FIT model sustainable

Subbarao said while there are talks about the effectiveness of the RBI’s flexible inflation targeting (FIT) mechanism, the model has served its purpose well in targeting inflation.

The objectives of monetary, he says, are price stability, growth and financial stability. But these three objectives do not land pari-pasu. Price stability takes priority over growth and financial stability. Under the current FIT, if inflation is beyond the target range of 2-6 per cent, the primary responsibility of central bank is to bring inflation to target range. Once the inflation is in target range, the central bank is enjoined to keep in view financial stability and growth concerns.

The criticism against FIT has been that in its obsession of delivering targeted inflation, the RBI is sacrificing growth.

“I don’t think that we must throw away the baby with the bath water. I worked in a pre-FIT framework, and I believe FIT has been a force for the good…But we should see how to marry concerns of growth and inflation and how to manage the trade off.”

In short term, while rate hikes reduce growth, in the longer term, lower and steady inflation is necessary for growth. On debate around removing food inflation from the CPI index, he said food inflation plays a major part on household inflation expectation on ground.

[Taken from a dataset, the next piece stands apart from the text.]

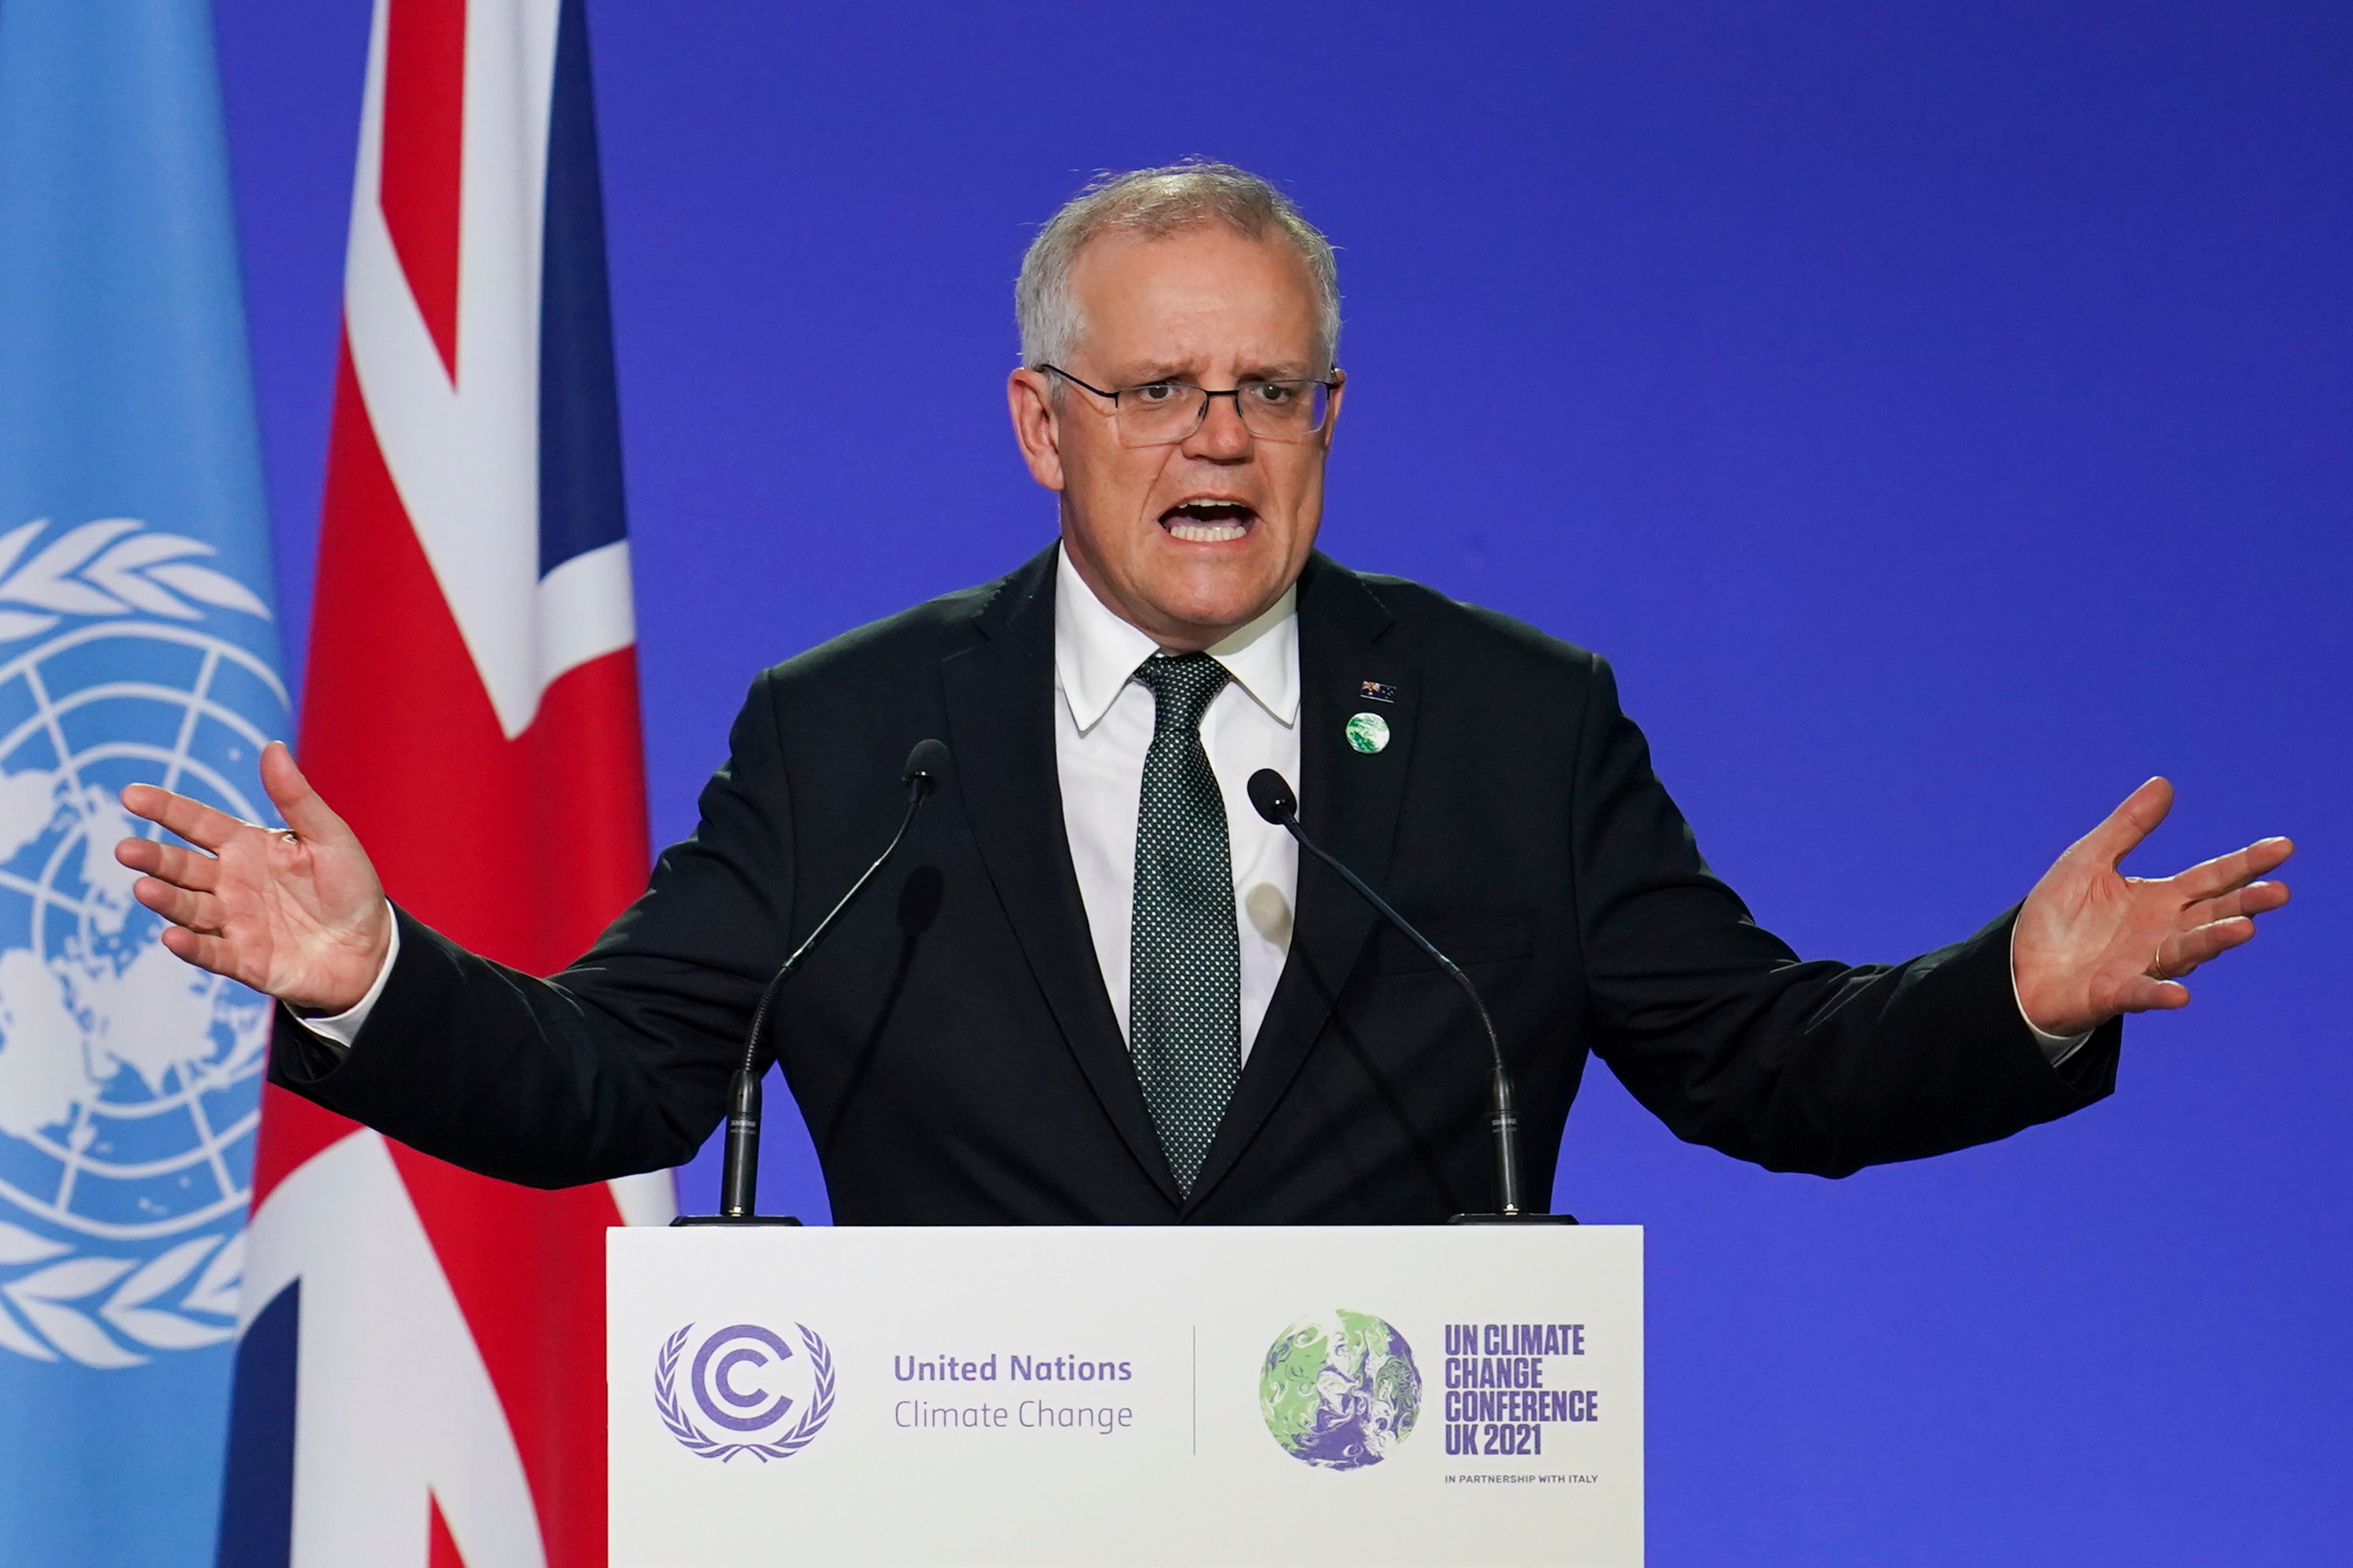 Prime Minister Scott Morrison delivers an address during the COP26 summit at the SECC in Glasgow, Scotland.

“The other debate has been…around core inflation and headline inflation. There is a problem about the appropriateness of the CPI basket, it needs to be revised. But the fact remains, that food is a big component of India’s inflation basket…it is food inflation that are experienced in market everyday. It sets market expectation. To believe that RBI must target an esoteric number that people don’t related to, abandon food inflation, it is not correct.” He also said that India’s GDP growth slowdown is largely structural, and partly cyclical in nature.